The Portola Music Festival, now in its third year on San Francisco's Pier 80, felt far more crowded and much better organized than in its initial outing — and the VIP offerings have only grown to occupy a huge footprint of the event.

There was a true mix of San Francisco weather for this year's Portola Fest, with a mostly cloudy, chilly, and blustery Saturday giving way to a lovely and sunny Sunday on Pier 80. The festival, largely focused on electronic music DJs and producers with some indie pop singers thrown in, is a more rave-y counterpoint to Outside Lands, and has matured in its third year into something that clearly has a strong audience draw — with a 21-and-up crowd that skews a little older than some larger, mainstream festivals.

Also, the Warehouse stage, in the airplane-hangar-sized warehouse that was once Larry Ellison's America's Cup Oracle boat headquarters, now plays a role as a kind of intense-late-night-rave venue from noon onward — more of a side attraction for the heavily drugged than a main event, like it was when Charlie XCX played there in 2022 and caused a potentially dangerous stampede. (Still, internationally known DJ Honey Dijon made a notable appearance in there on Sunday.)


Clearly festival producers Goldenvoice have seen significant demand for VIP passes, with this year's VIP area occupying about one fourth of the festival grounds and nearly half of the audience space in front of the central mainstage. The Mission District's Thai restaurant Farmhouse Kitchen had a whole sit-down dining operation inside VIP, in addition to multiple VIP food concessions and bars. By contrast, the food options for GA ticket holders were fewer and mostly far off by the Bay side of the pier.

As in previous years, there were noise complaints from over in Alameda — but the Entertainment Commission reported to the Chronicle that there were about half as many complaints this year as last year, and Goldenvoice took steps to re-orient the stages for reducing sound across the Bay.

A twilight shot on Sunday, courtesy of Portola Music Festival

Standout sets on Saturday included Empress Of, Frank Moody, Jessie Ware, Deltron 3030, and Rufus du Sol. And early-aughts British pop princess Natasha Bedingfield made a surprise appearance doing a 15-minute set that included her hits "Unwritten" and "These Words" — and while these were big crowd pleasers, Bedingfield hit a few sour notes.

Jessie Ware with dancers. Photo: Jay Barmann/SFist

Peaches, who continues to pop up on the dance festival circuit 24 years after the release of her seminal hit "Fuck the Pain Away," performed other profane numbers like "Vaginoplasty" and "Rub," all with the help of two backup dancers with long-haird vaginal wigs on their crotches and vaginas for heads.

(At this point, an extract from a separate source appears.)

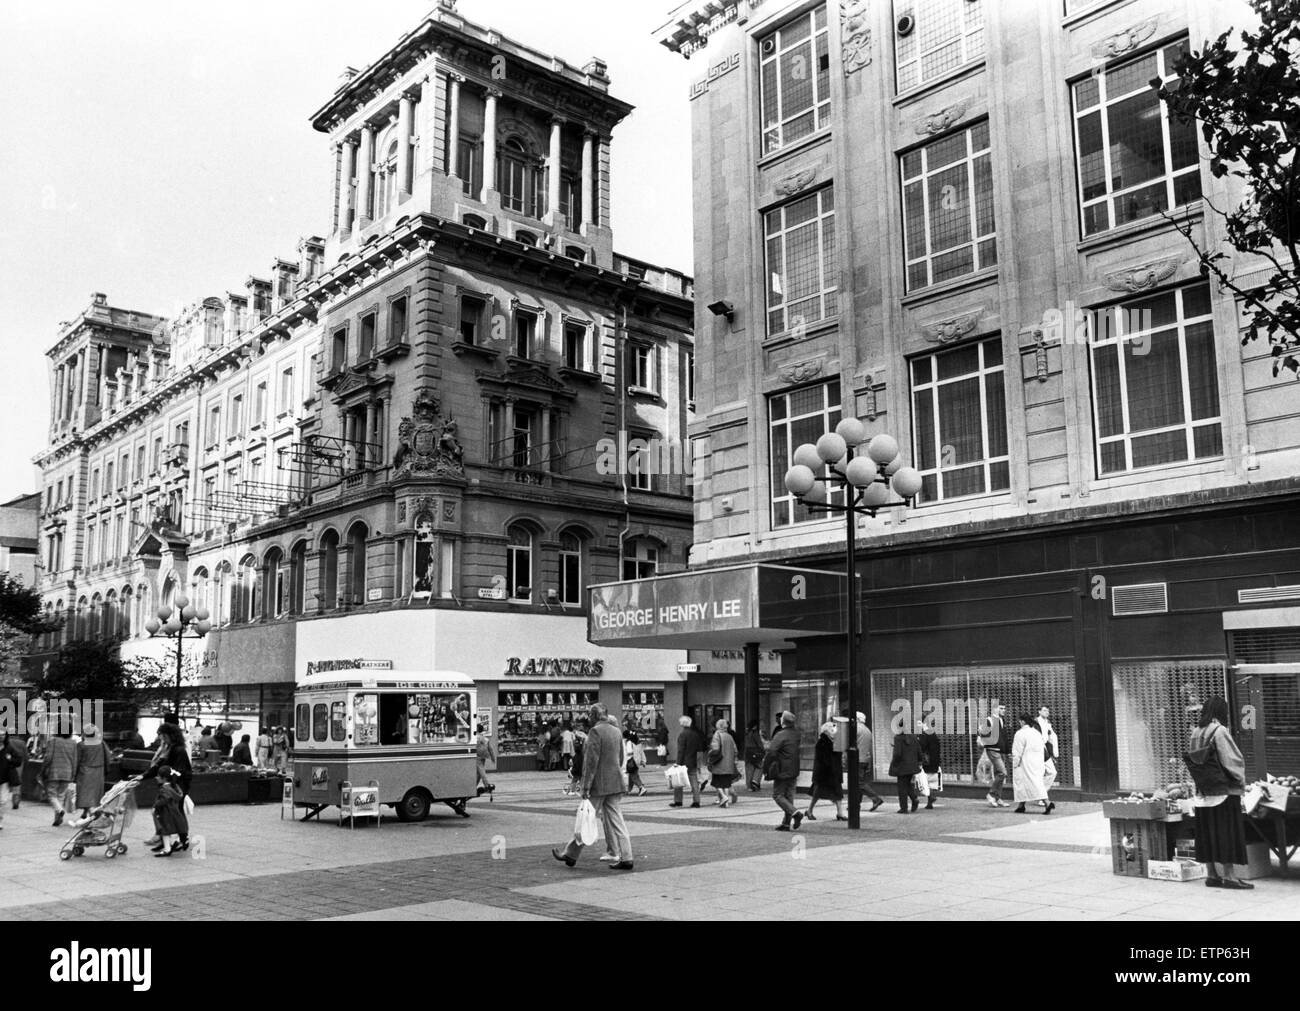 George Henry Lee's building in Church Street. Marks and Spencer is occupying the next block. Church Street is one of Liverpool's shopping areas. Church Street, Liverpool, Merseyside. 30th October 1989. Stock Photo

Sunday's headliners Justice and Fisher did plenty to keep the crowd rolling, and UK house music producers Disclosure (brothers Howard and Guy Lawrence) put on a sweeping 75-minute set that included hits like "Latch," "Help Me Lose My Mind," and "When a Fire Starts to Burn," and closed out with the hard-driving "Tondo."


And Rebecca Black, primarily known for her 13-year-old pop hit "Friday," came out as queer in 2020 and has been up to much darker, campier stuff since then. She put on a terrific, eminently watchable show Sunday at the Ship Tent for all those festival goers who weren't drawn to DJ Pee Wee (Anderson.Paak), or Barry Can't Swim, both on simultaneously at the bigger stages.

The crowd for Barry Can't Swim:


Here's a drone shot of the crowd for Chase & Status on Sunday:


But the Sunday set everyone was bound to talk about the most, for better or worse, was M.I.A., who did 50 minutes of both singing and incoherently ranting, angrily, about American politics and how she's been "canceled" by her American audiences multiple times.

Wearing a bright, orange-red wig, M.I.A. commented between renditions of "Bad Girls" and "Come Around" saying things like "Don’t get me wrong, I love Mexicans. Honestly, I do. And I love Americans, too. I do. I got canceled so many fucking times because of you guys, for you guys. Before you canceled Snowden. Maya got canceled. That was for the Americans, so I don’t want to hear it."

And: "“Before Nicki Minaj had this wig, M.I.A. had this wig. Before Rihanna had this wig, M.I.A. had this wig. Before there was Kamala Harris, there was M.I.A."

And also: "Kamala Harris! Donald Trump! Yes, and there’s no one else."

M.I.A., who is a British citizen of Sri Lankan descent, has been outspoken about American politics, and even issued an endorsement of Trump last month. The singer had, inexplicably, been a big fan of RFK Jr., perhaps because she is a fan of conspiracy theories, and she followed suit in endorsing Trump after RFK did, tweeting, "RFK will inherit America when God is ready to replant and rebuild it righteously."

M.I.A., who was slotted in between Justice and Disclosure, lost a fair number of audience members a short way into her set, probably because people needed to get food and got tired of her bullshit.